── Dataset content ──

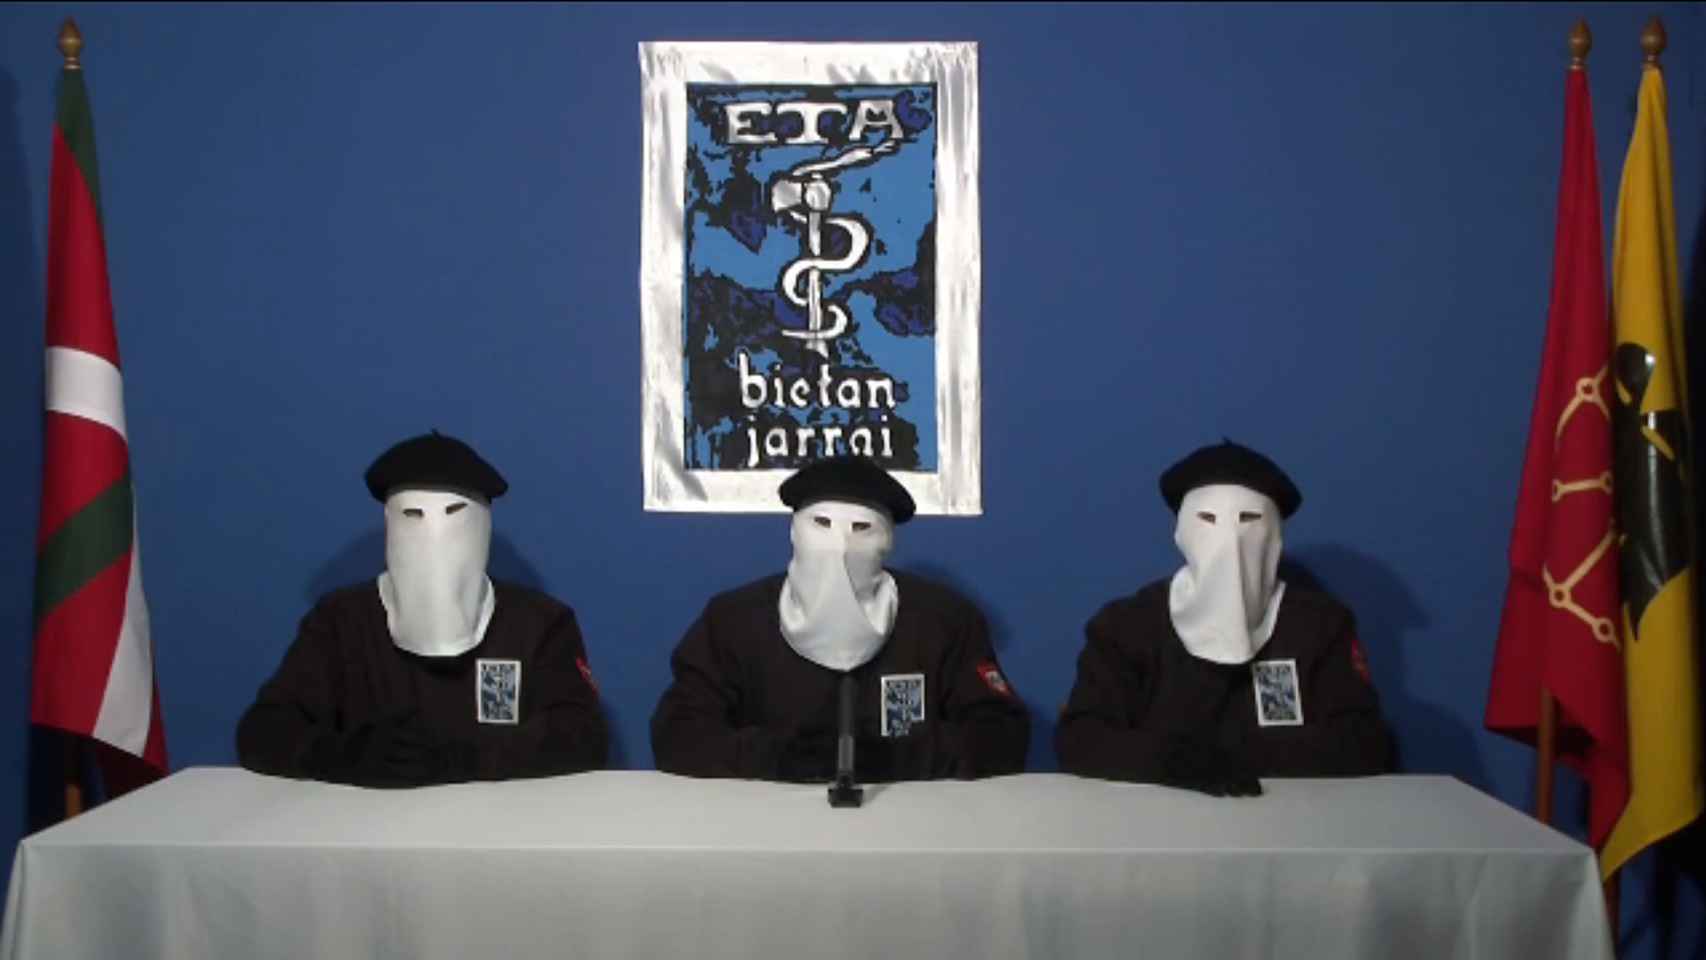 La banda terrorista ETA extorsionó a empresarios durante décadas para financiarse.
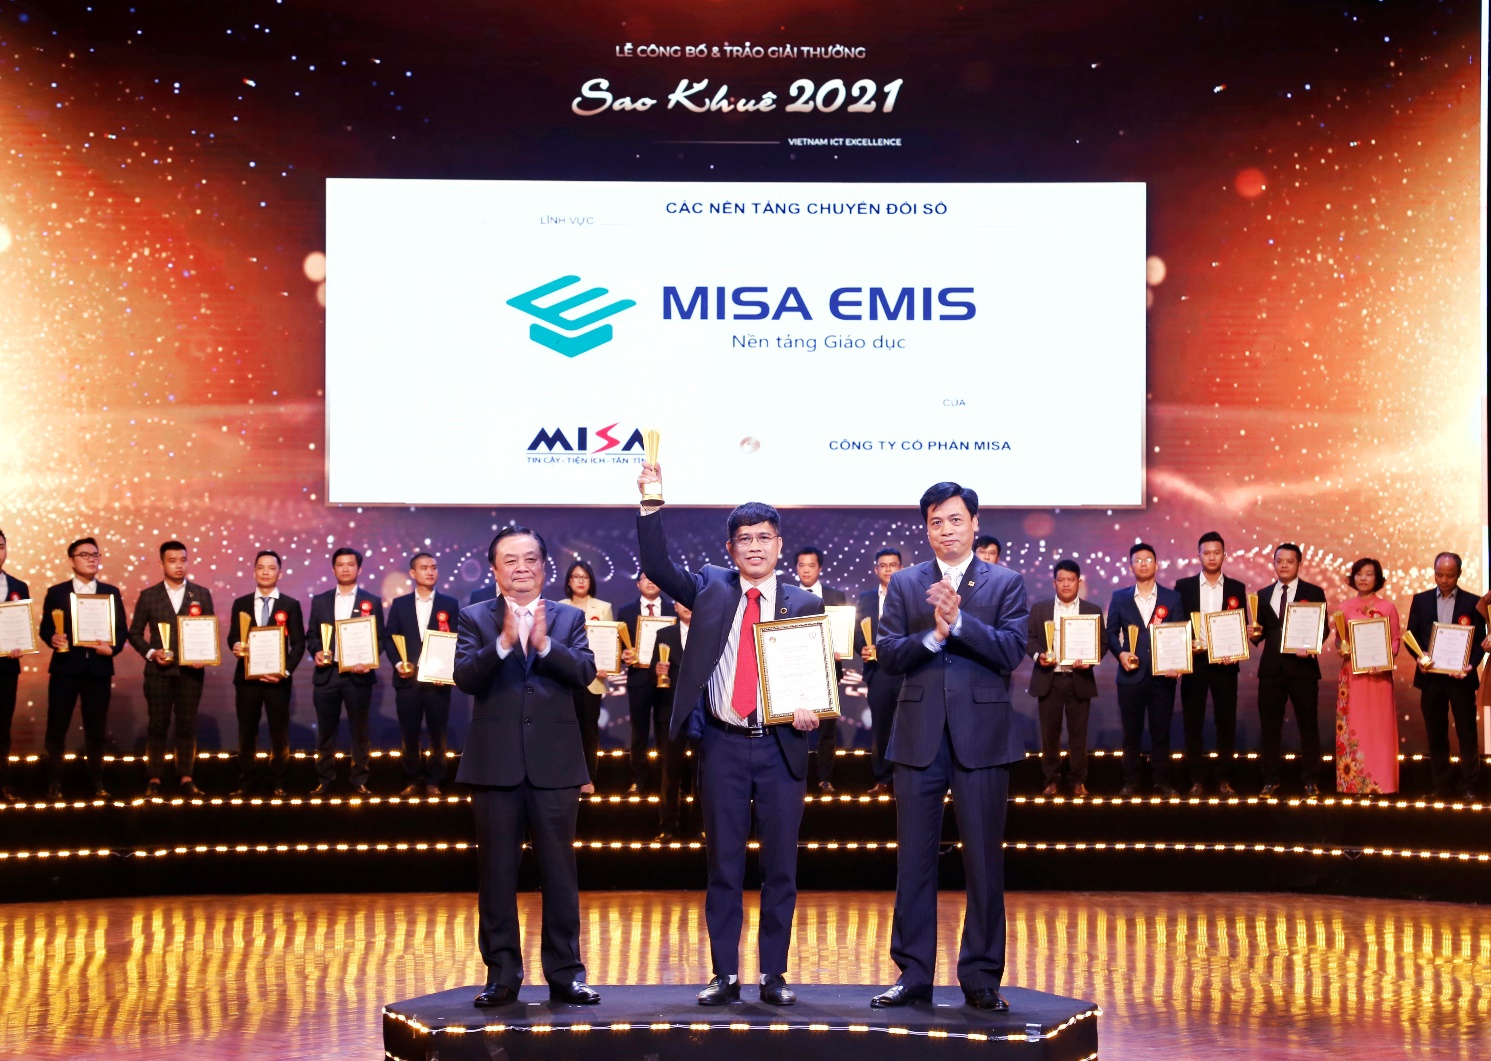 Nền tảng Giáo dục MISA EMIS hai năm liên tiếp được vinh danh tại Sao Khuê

───
── Dataset content ──

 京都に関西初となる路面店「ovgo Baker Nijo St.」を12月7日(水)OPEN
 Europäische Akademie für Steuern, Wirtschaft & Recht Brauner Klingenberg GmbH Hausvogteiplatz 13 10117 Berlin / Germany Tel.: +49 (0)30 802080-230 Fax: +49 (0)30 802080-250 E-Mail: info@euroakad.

───

[What the task requires]: Only one stretch of the entries above is needed: the lines from the one containing "La banda terrorista" through the one containing "Nền tảng Giáo". Copy it exactly, without the pictures.

[Final answer]:
 La banda terrorista ETA extorsionó a empresarios durante décadas para financiarse.
 Nền tảng Giáo dục MISA EMIS hai năm liên tiếp được vinh danh tại Sao Khuê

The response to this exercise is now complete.